Having decided that Congress unambiguously intended to create a private right of action in the free-choice-of-provider provision, we turn now to consider the scope of the right it confers on Medicaid recipients. Section 1396a(p)(1) and the free-choice-of-provider provision operate in pleasant conjunction. The free-choice-of-provider provision confers an individual right on Medicaid recipients to select the willing and competent provider of their choice. Section 1396a(p)(1) clarifies that states retain discretionary authority to disqualify providers as professionally incompetent for nonmedical reasons such as fraud and for any number of unprofessional behaviors.

It is clear that the plaintiff would suffer irreparable harm in the absence of a preliminary injunction. Denial of her statutory right to select a qualified provider visits a tangible harm: diminished access to high-quality health care suited to the individual plaintiff’s needs.

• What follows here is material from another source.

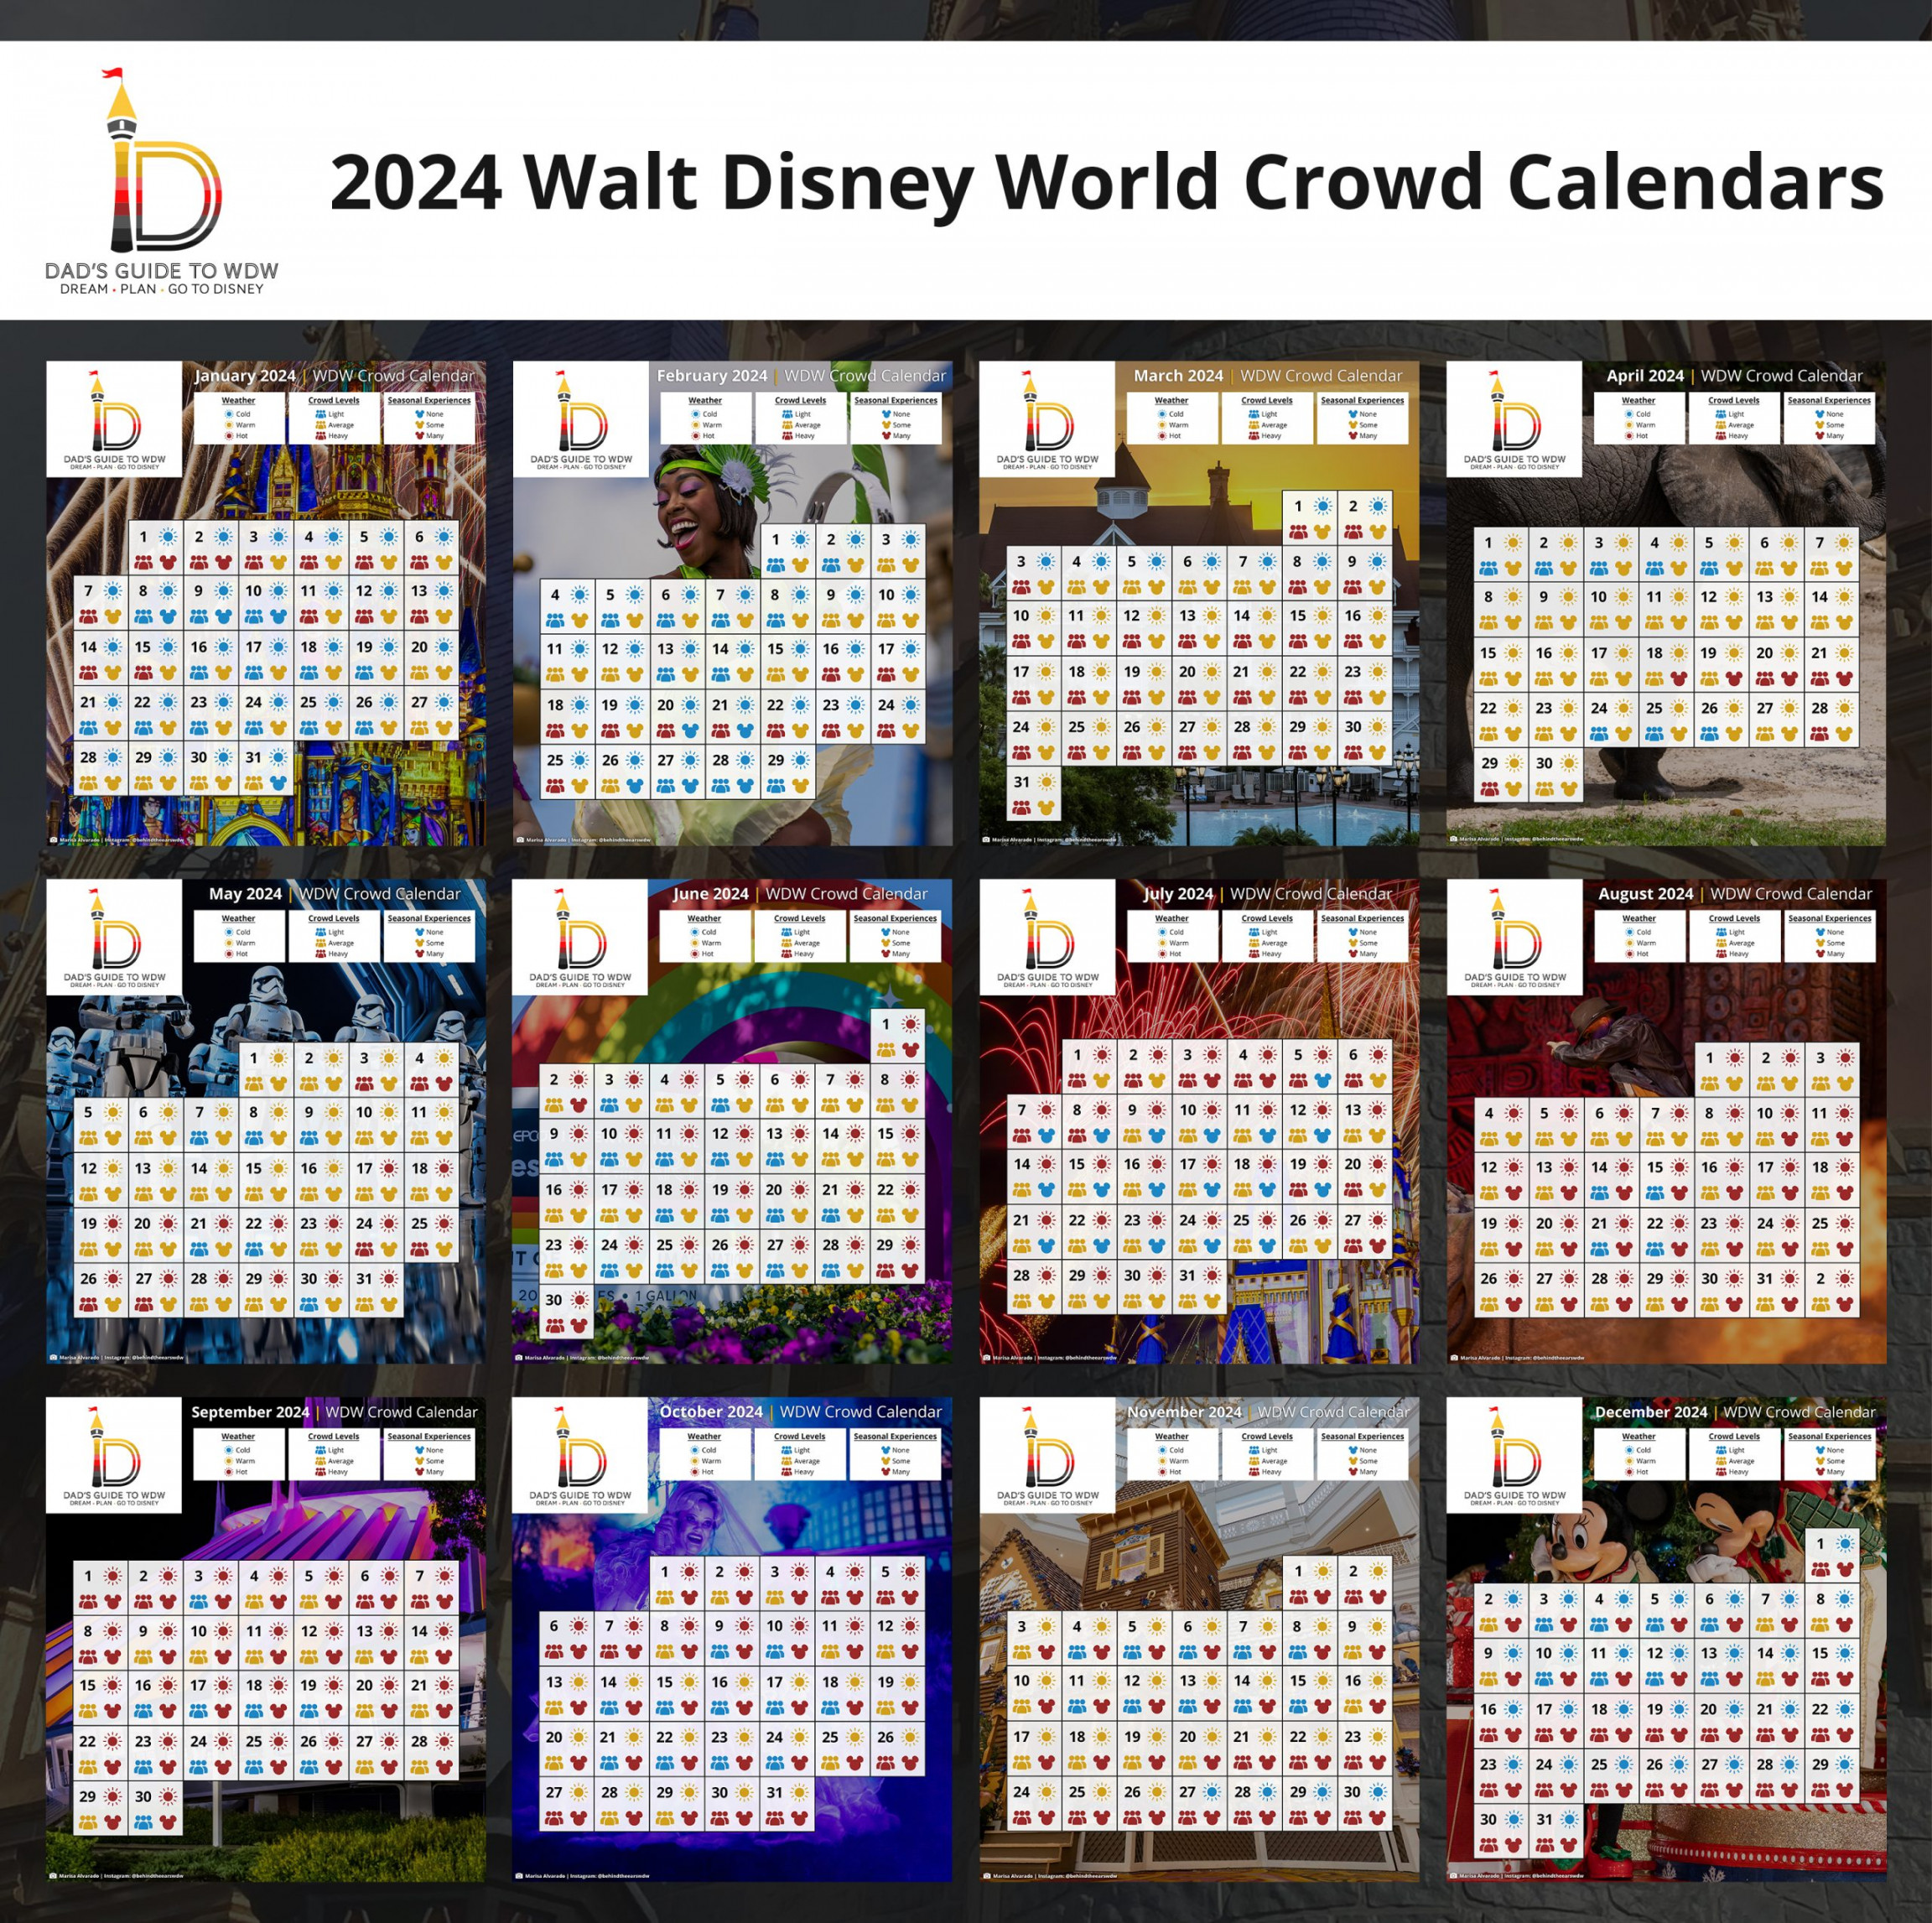 January Disney World crowds including information about the Disney

Although South Carolina has a legitimate interest in ensuring that state dollars do not subsidize abortion, we are not prepared to disrupt the district court’s finding that the state’s reimbursement of Planned Parenthood South Atlantic, or PPSAT, on a fee-for-service basis guards against the indirect subsidization of abortion. Finally, an injunction would serve the public interest by preserving the individual plaintiff’s statutory right under the free-choice-of-provider provision and ensuring “affordable access to competent health care by some of South Carolina’s neediest citizens,” whose health challenges are every bit as real as those of citizens of greater means.

Affirmed.

Concurring opinion

The majority correctly recognizes that applying existing Supreme Court precedents requires that we find § 1396a(a)(23) to unambiguously create a right privately enforceable under § 1983 to challenge a State’s determination of whether a Medicaid provider is “qualified.”

The challenge here derives from a broader question lurking in the background. What is the proper framework for determining whether a given statute creates a right that is privately enforceable under § 1983? And specifically, has Wilder v. Virginia Hospital Ass’n, 496 U.S. 498 (1990), a case relied on in other circuits’ decisions and in our own, been repudiated (or even effectively overruled)?

Planned Parenthood South Atlantic v. Baker, Appeal No. 18-2133, Oct. 29, 2019. 4th Cir. (Wilkinson), from DSC at Columbia (Lewis). Kelly McPherson Jolley for Appellant, Alice Joanna Clapman for Appellees. VLW 019-2-263. 41 pp.